TO DO. Take the data below and extract the lines from the one with "zoology, mammals /" to the one with "A pod made by", inclusive, exactly as written.

SOURCE MATERIAL.
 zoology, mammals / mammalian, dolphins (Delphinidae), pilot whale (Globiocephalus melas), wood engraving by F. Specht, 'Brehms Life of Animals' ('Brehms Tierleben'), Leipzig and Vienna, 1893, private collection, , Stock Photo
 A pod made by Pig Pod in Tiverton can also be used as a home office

==

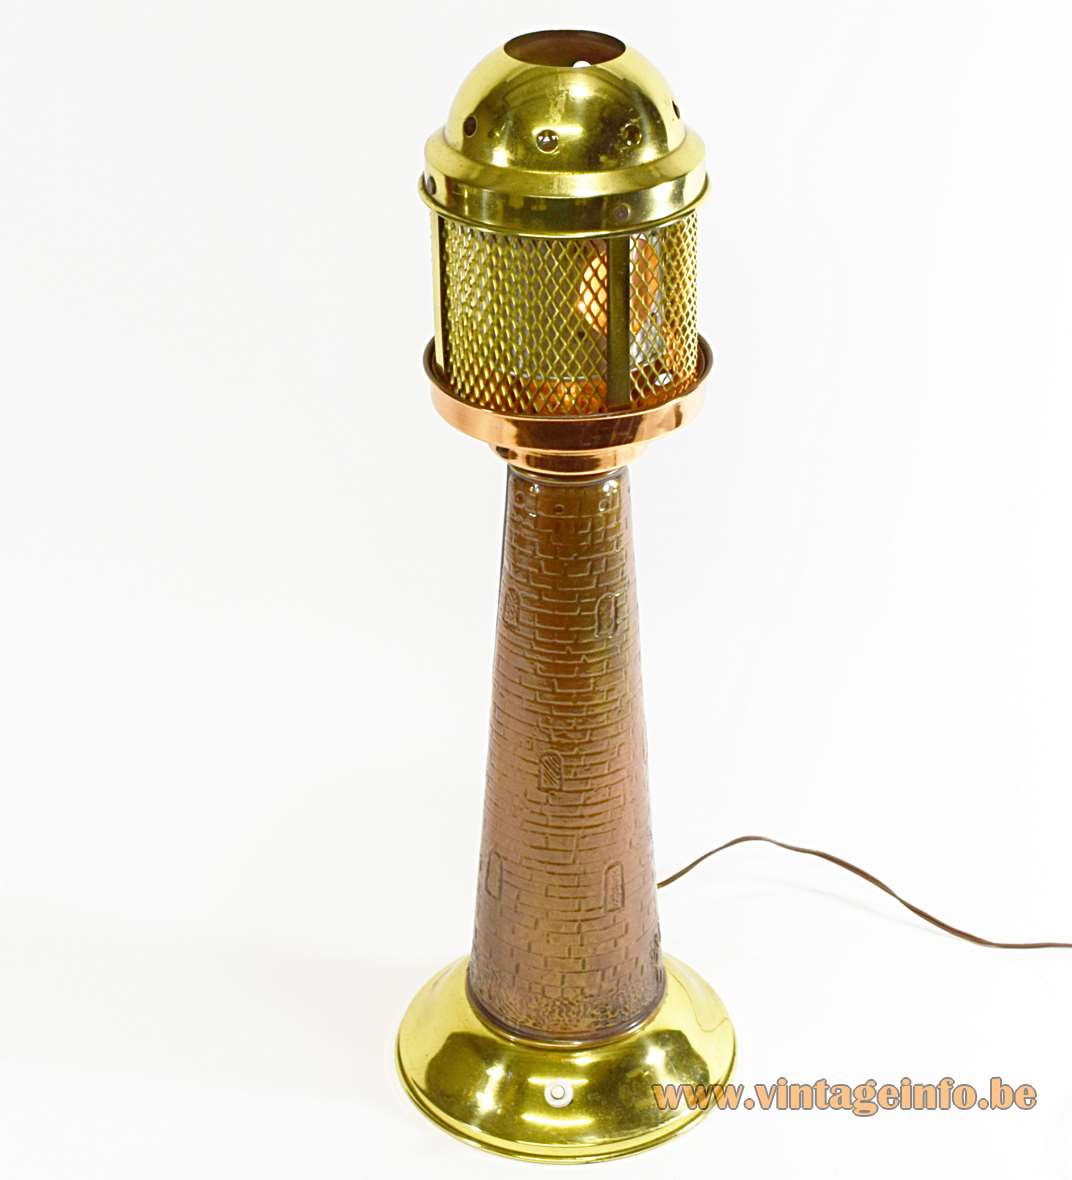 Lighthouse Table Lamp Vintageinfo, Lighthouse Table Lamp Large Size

==

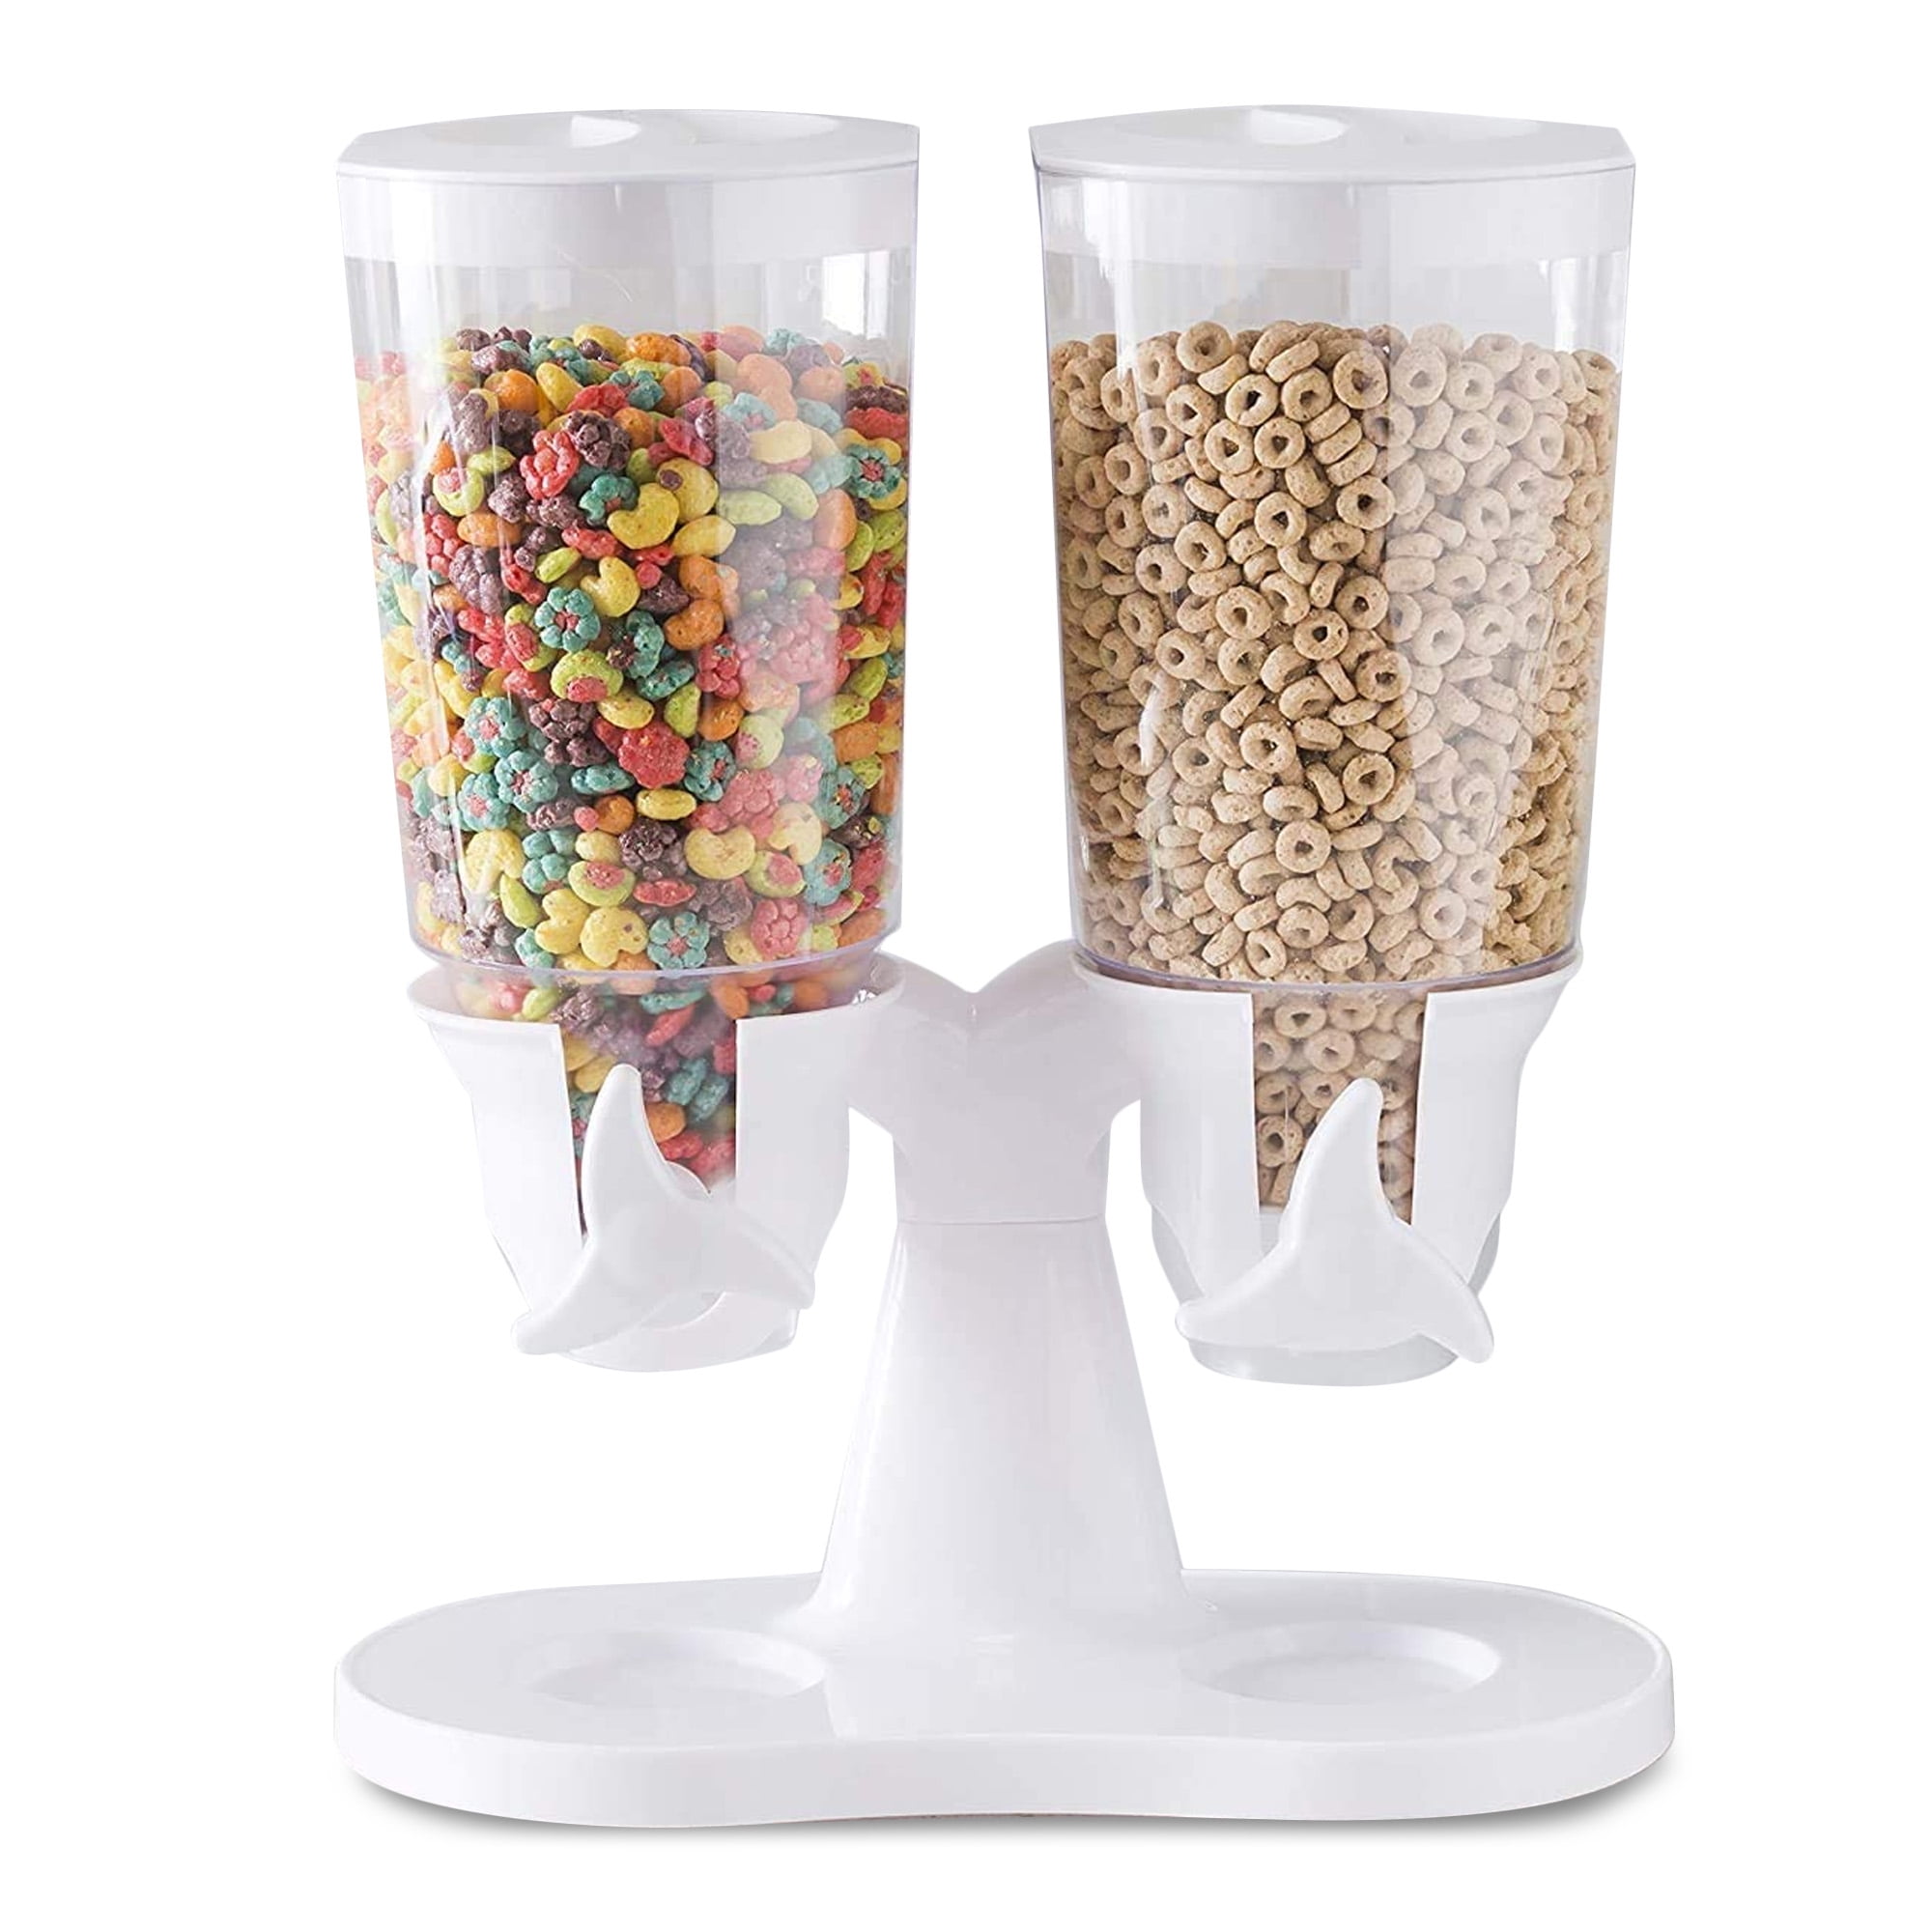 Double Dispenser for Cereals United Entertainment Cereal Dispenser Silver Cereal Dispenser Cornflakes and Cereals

TASK OUTPUT.
 zoology, mammals / mammalian, dolphins (Delphinidae), pilot whale (Globiocephalus melas), wood engraving by F. Specht, 'Brehms Life of Animals' ('Brehms Tierleben'), Leipzig and Vienna, 1893, private collection, , Stock Photo
 A pod made by Pig Pod in Tiverton can also be used as a home office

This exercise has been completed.